ORDER ¶1 Held: (1) When the evidence is viewed in the light most favorable to the prosecution, a rational jury could find, beyond a reasonable doubt, the elements of the two offenses with which defendant was charged: aggravated domestic battery and possession of a stolen or converted motor vehicle.

(2) Defendant has forfeited his claim of error in the jury instructions, and the doctrine of plain error does not avert the forfeiture.

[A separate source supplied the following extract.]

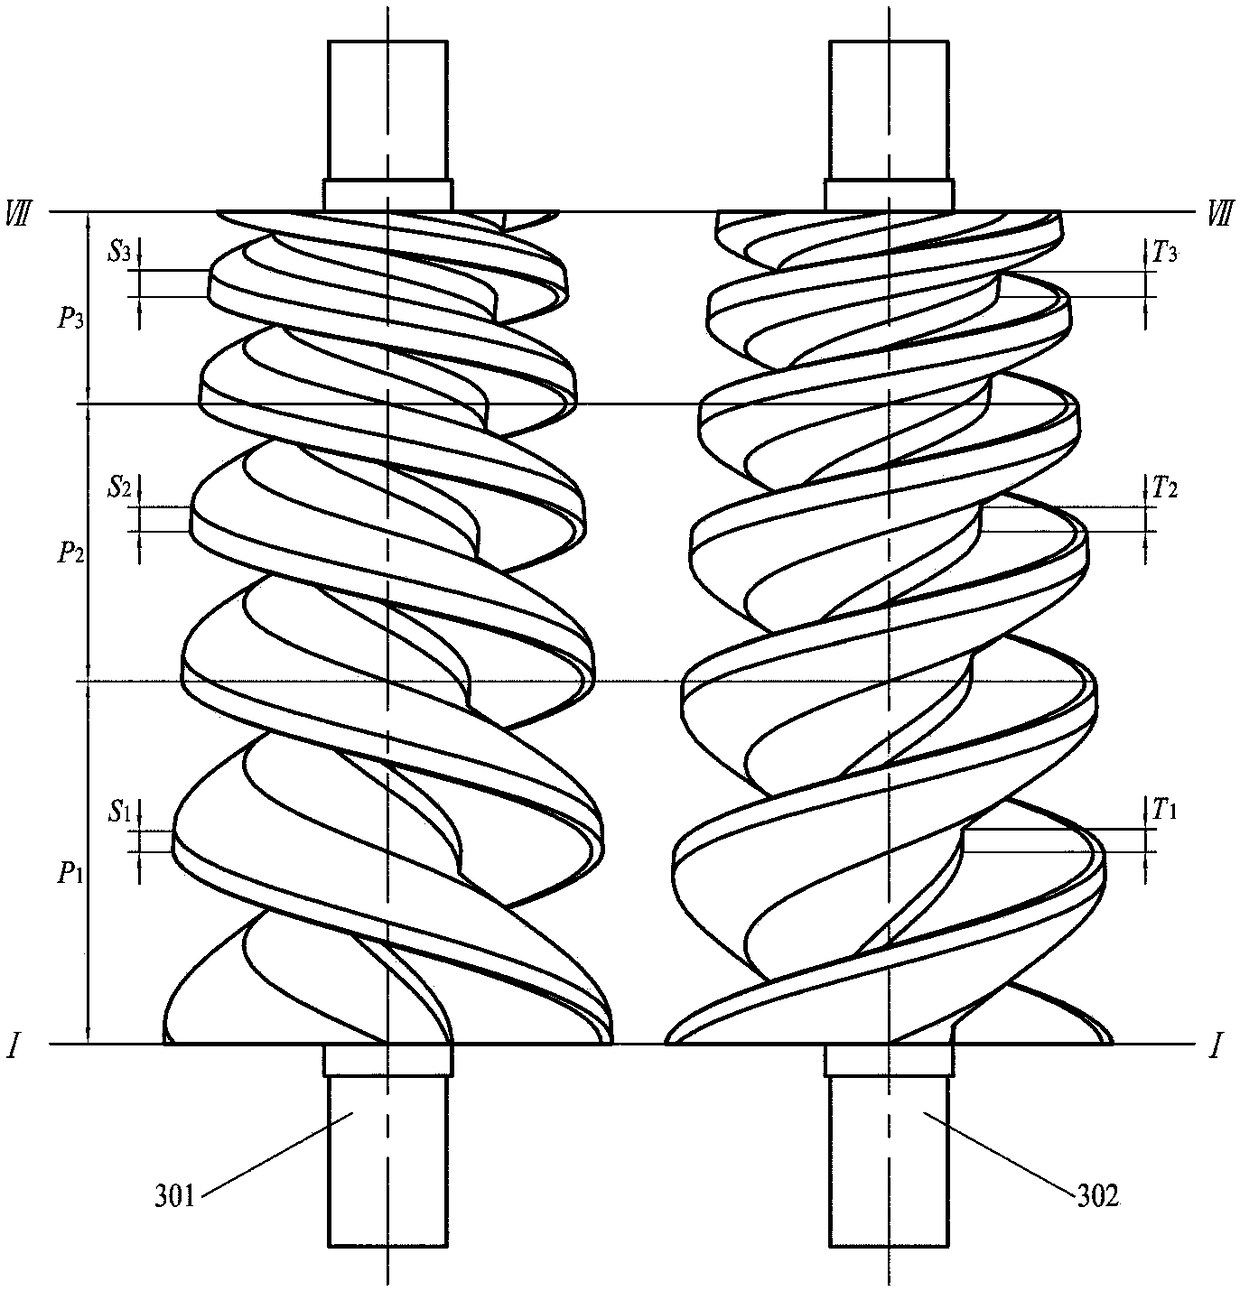 A self-balancing conical screw rotor with variable pitch
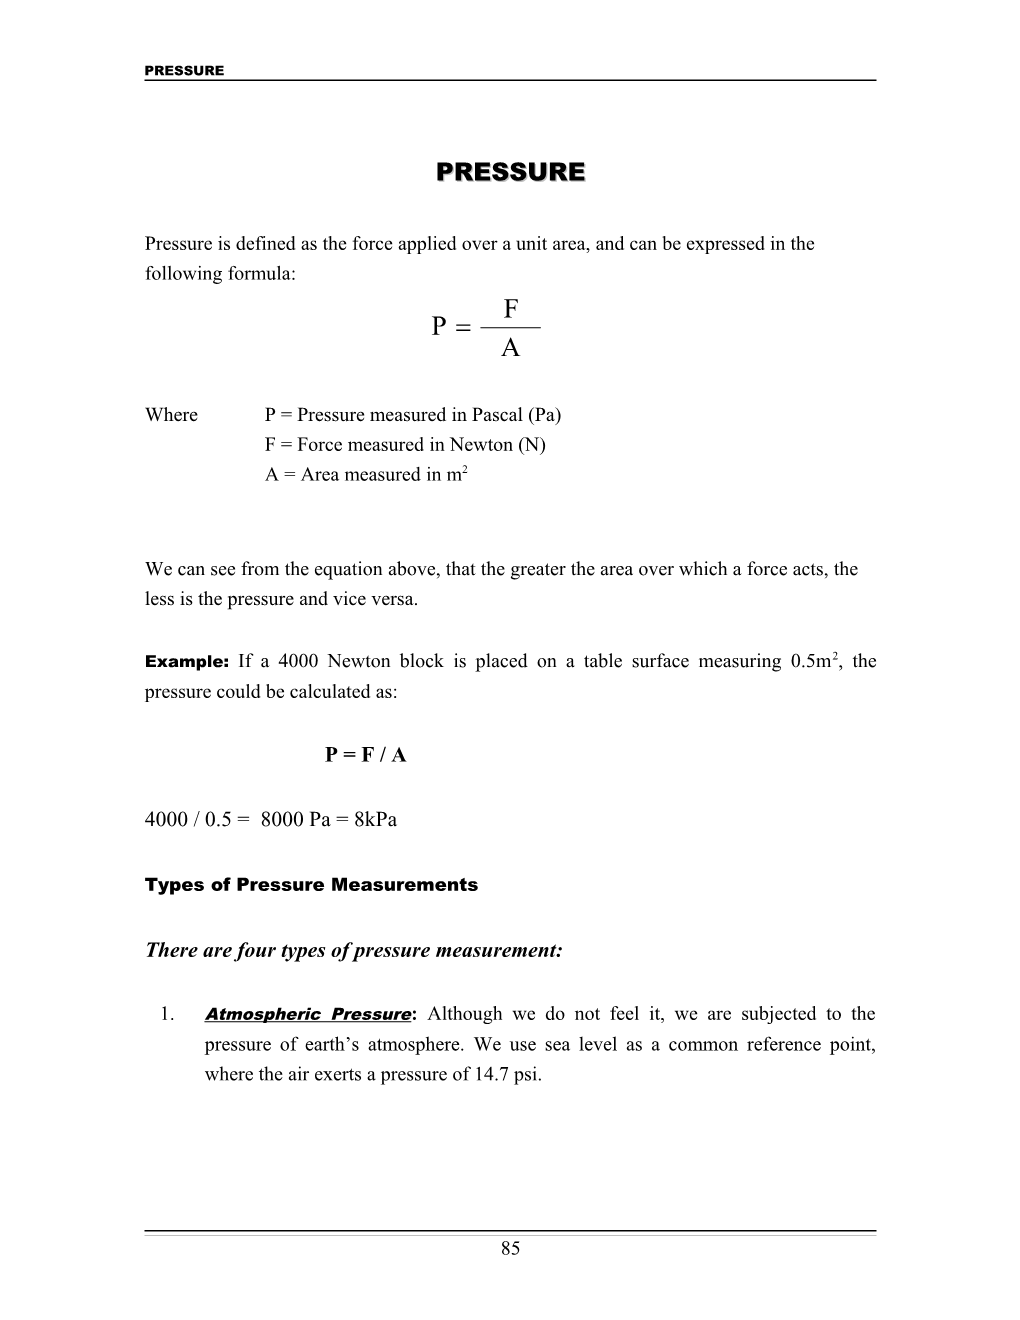 Where P = Pressure Measured in Pascal (Pa)

¶2 In the circuit court of Livingston County, a jury found defendant, Demetrius Bell,

guilty of both counts of a criminal information. Specifically, the jury found him guilty of count I,

aggravated domestic battery (720 ILCS 5/12-3.3(a) (West 2016)), for which the court sentenced

him to 10 years’ imprisonment, and the jury also found him guilty of count II, possession of a

converted or stolen motor vehicle (625 ILCS 5/4-103(a)(1) (West 2016)), for which the court

imposed a concurrent 8-year term of imprisonment. Defendant appeals on two grounds. ¶3 First, he contends that the evidence is legally insufficient to support his conviction

of either count I or count II. We disagree. When the evidence is viewed in the light most favorable

to the prosecution, a rational trier of fact could find, beyond a reasonable doubt, the elements of

both of the charged offenses.

¶4 Second, for the first time, on appeal, defendant criticizes the jury instructions. He

claims they suffer from a substantial defect that rises to the level of plain error. We are

unconvinced; we see no clear or obvious error in the jury instructions.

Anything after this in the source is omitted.